### [TRY IT]
Every entry below should be reproduced exactly, with all pictures left out.

### [DATA PROVIDED]

*-*-*

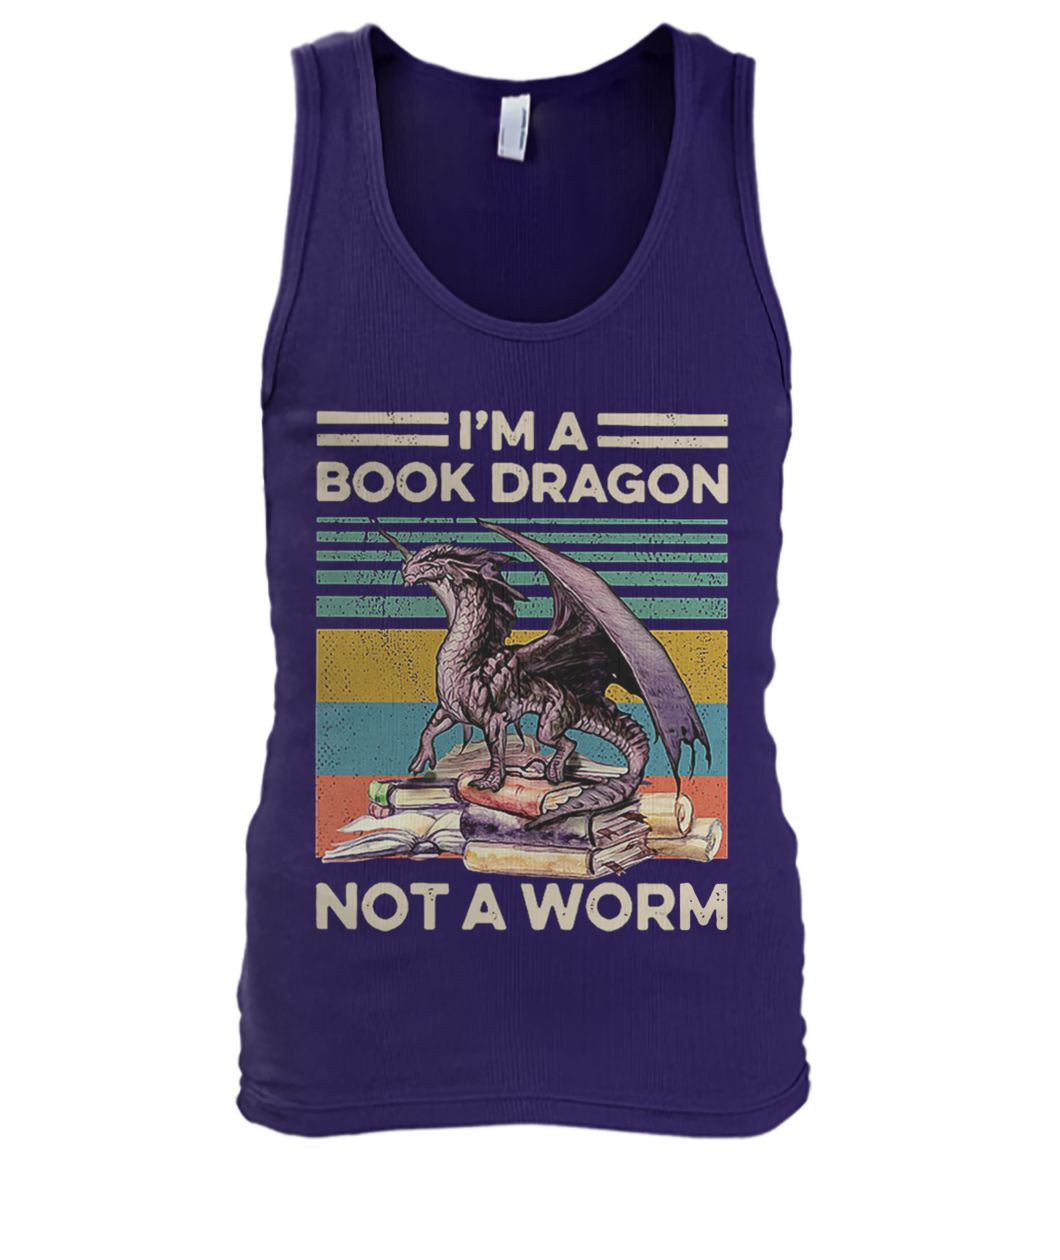 I'm a book dragon not a worm vintage men's tank top
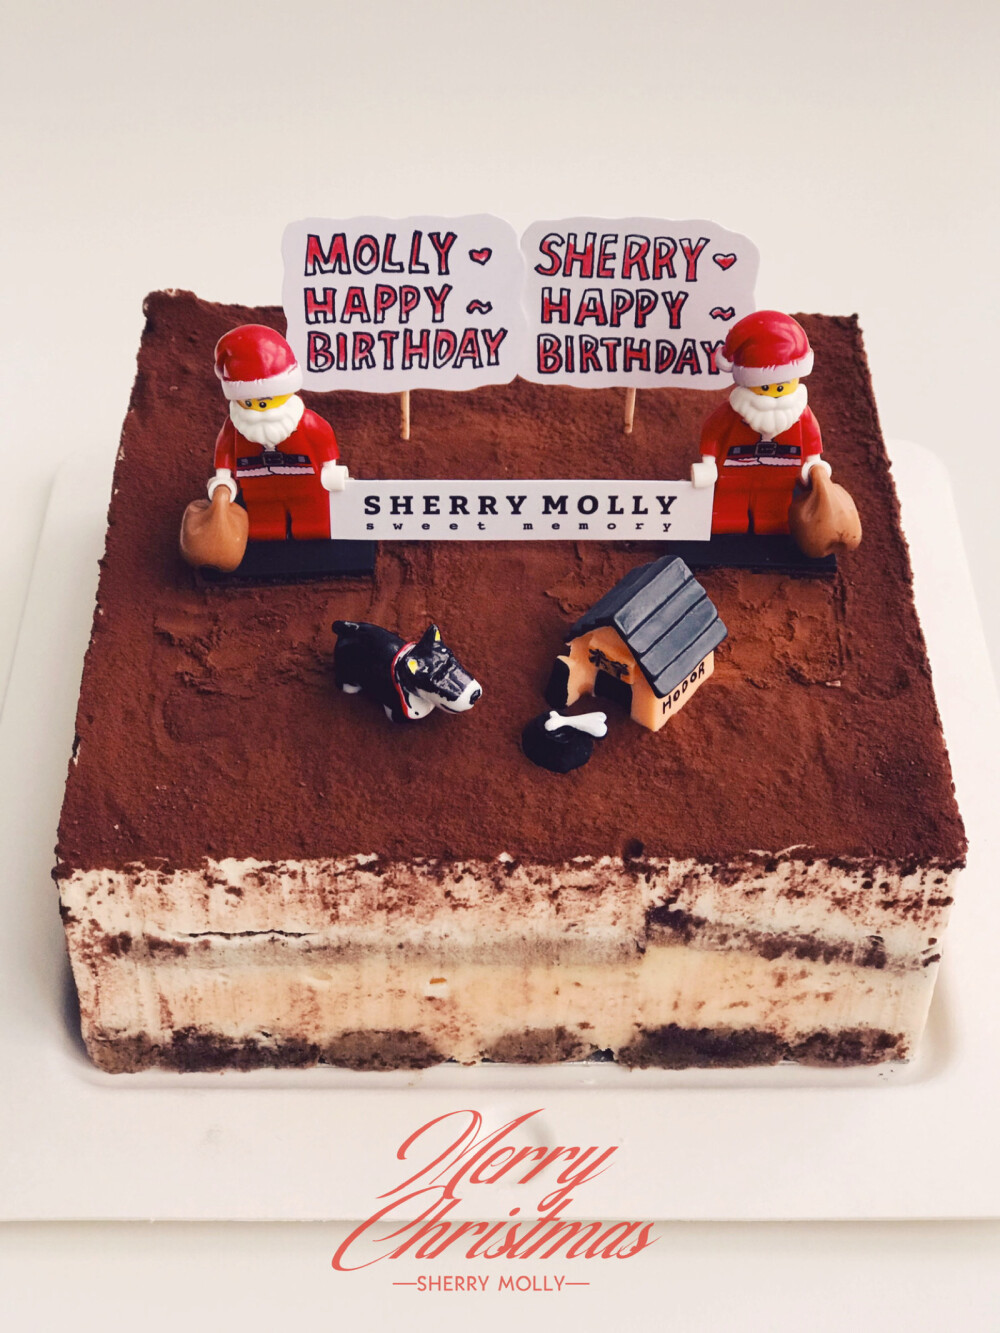 #SHERRY Mollyの生日cake#—『提拉米苏』
又是每年最忙和最快乐的一天啦～
忙完所有客人的订单之后才轮到我们自己呢
今年好巧呀 刚好做了一整个的提拉米苏
把我们这个小家装饰到cake上 真好看

*-*-*

### [SOLUTION TO THIS PROBLEM]
 I'm a book dragon not a worm vintage men's tank top
 #SHERRY Mollyの生日cake#—『提拉米苏』
又是每年最忙和最快乐的一天啦～
忙完所有客人的订单之后才轮到我们自己呢
今年好巧呀 刚好做了一整个的提拉米苏
把我们这个小家装饰到cake上 真好看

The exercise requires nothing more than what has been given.